Dan Zetta kelihatan kembali marah.

“Gue bakal beneran nonjok lo,” Zetta nggak bercanda, dia udah siap melipat lengan bajunya, bahkan bangkit berdiri. “Gue sabuk merah taekwondo, jadi gak usah takut buat mukul balik.”

Tawa gue yang dari tadi gue tahan dalam hati, menyembur keluar.

“Sinting ya lo? Gue ngajak ribut, bukan lagi stand up comedy!”

Gue susah payah menahan tawa gue melihat betapa lucunya Zetta saat ini. Di sela tawa gue, gue berusaha meraih tangannya, lalu menariknya untuk kembali duduk.

“Apaan sih! Jangan pegang pegang!” tangan gue dihempas begitu saja setelah ia kembali duduk.

Setelah berhasil menahan tawa, gue menatap dia dengan wajah sumringah, dan mendapati wajah kesal dan tertekuknya. “Emosian banget.”

“Emang!” balas Zetta secepat kilat lalu memukul lengan gue dengan kencang. “Udah berapa kali gue bilang! Makanya gak usah deket deket gue.”

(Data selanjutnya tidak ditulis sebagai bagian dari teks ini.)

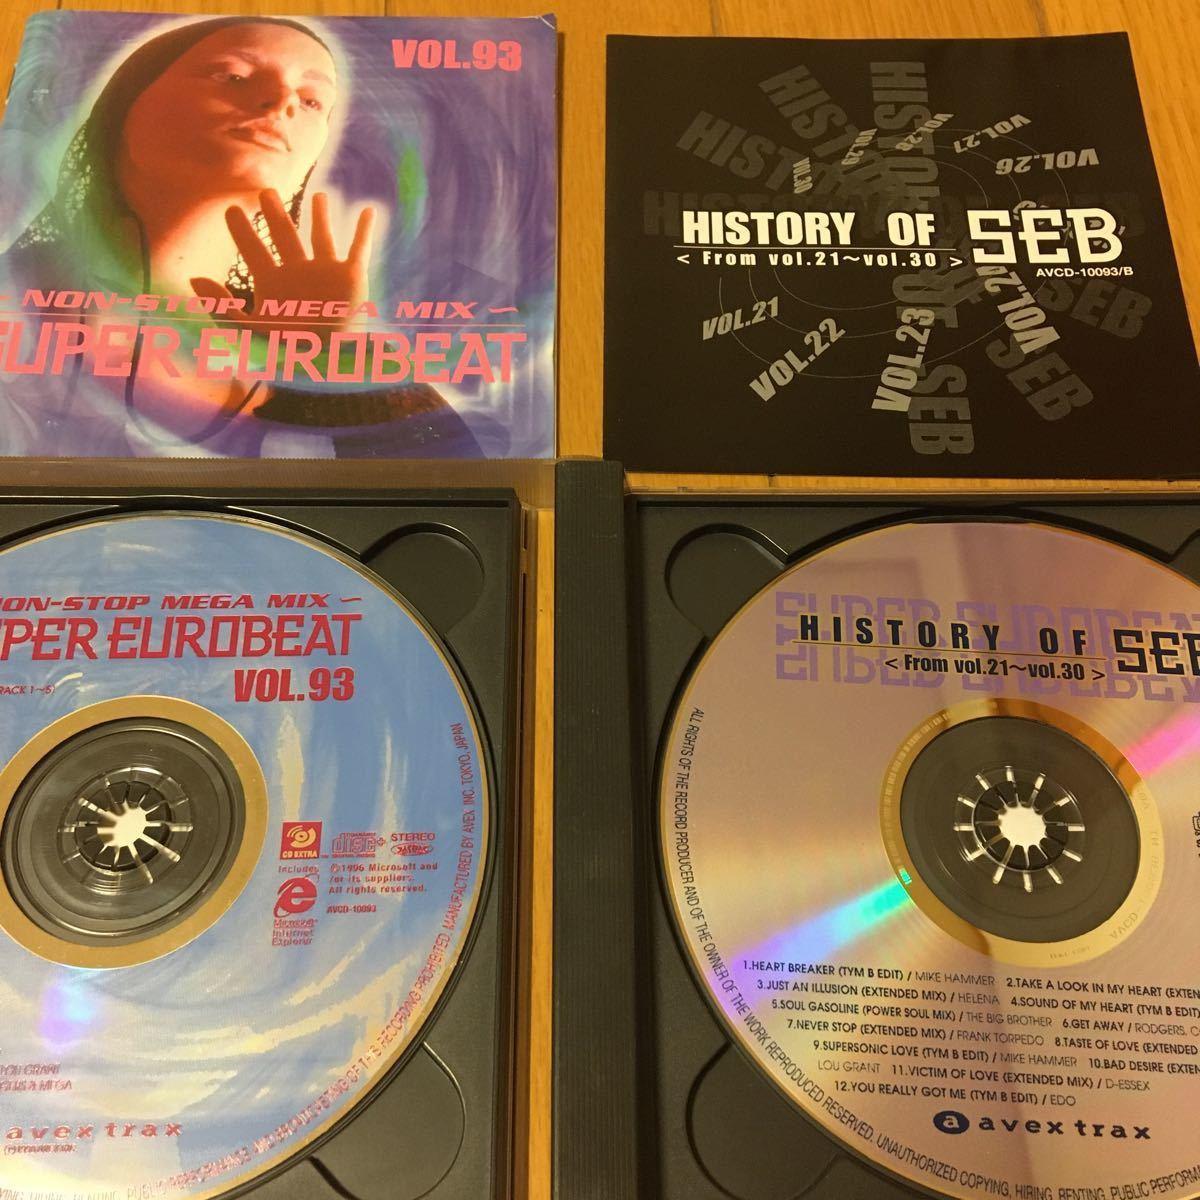 ネコポス送料無料☆匿名発送☆2CD☆super Eurobeat vol.93☆スーパーユーロビート vol.93☆avex trax☆エイベックス☆_画像3
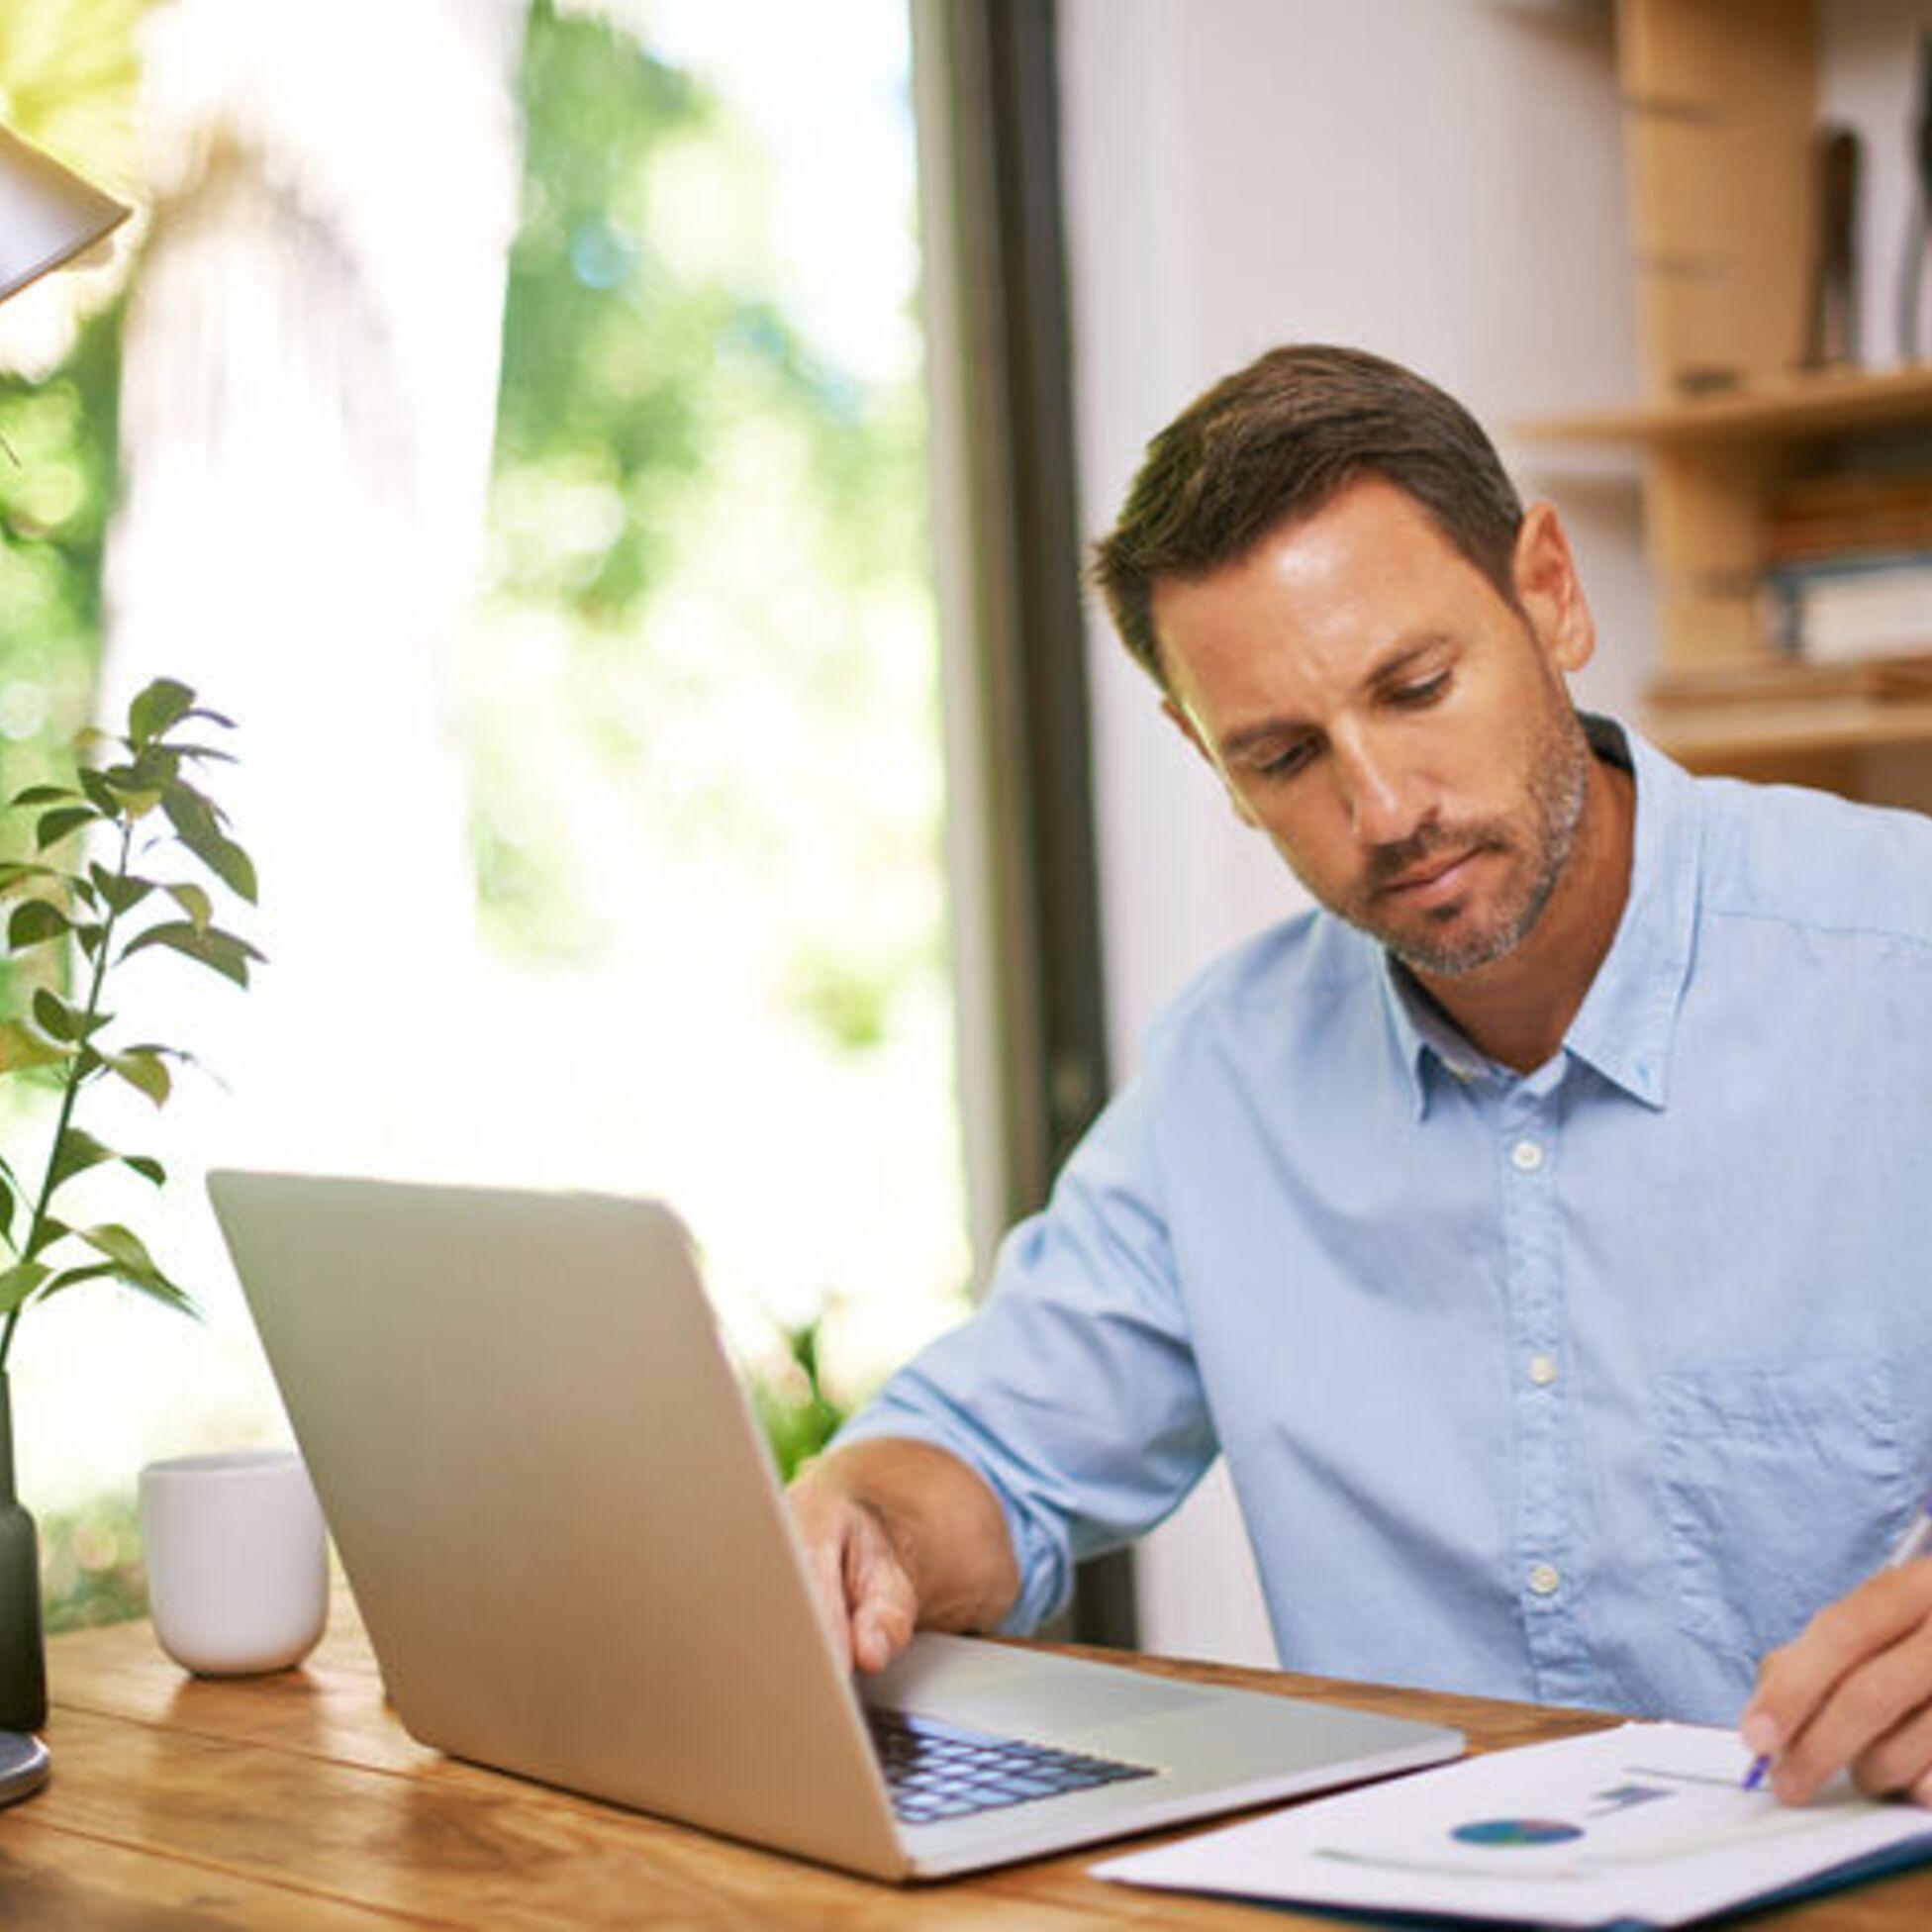 Mann prüft Unterlagen am Schreibtisch

Tapi, Zet, ada kepuasaan yang gue rasa tiap kali berdebat sama lo yang galak dan punya kesabaran tipis ini. Gue merasa puas melihat wajah lo yang memerah menahan marah itu, tatapan geram itu, balasan balasan ketus itu, bahkan ketika lo melayangkan pukulan itu.

Bilanglah gue gila, tapi mungkin begitu adanya. Karena gue suka melihat lo yang marah, dan gue memutuskan untuk mencari segala cara biar lo marah lagi.

“Lo pernah makan nasi goreng di thamrin?”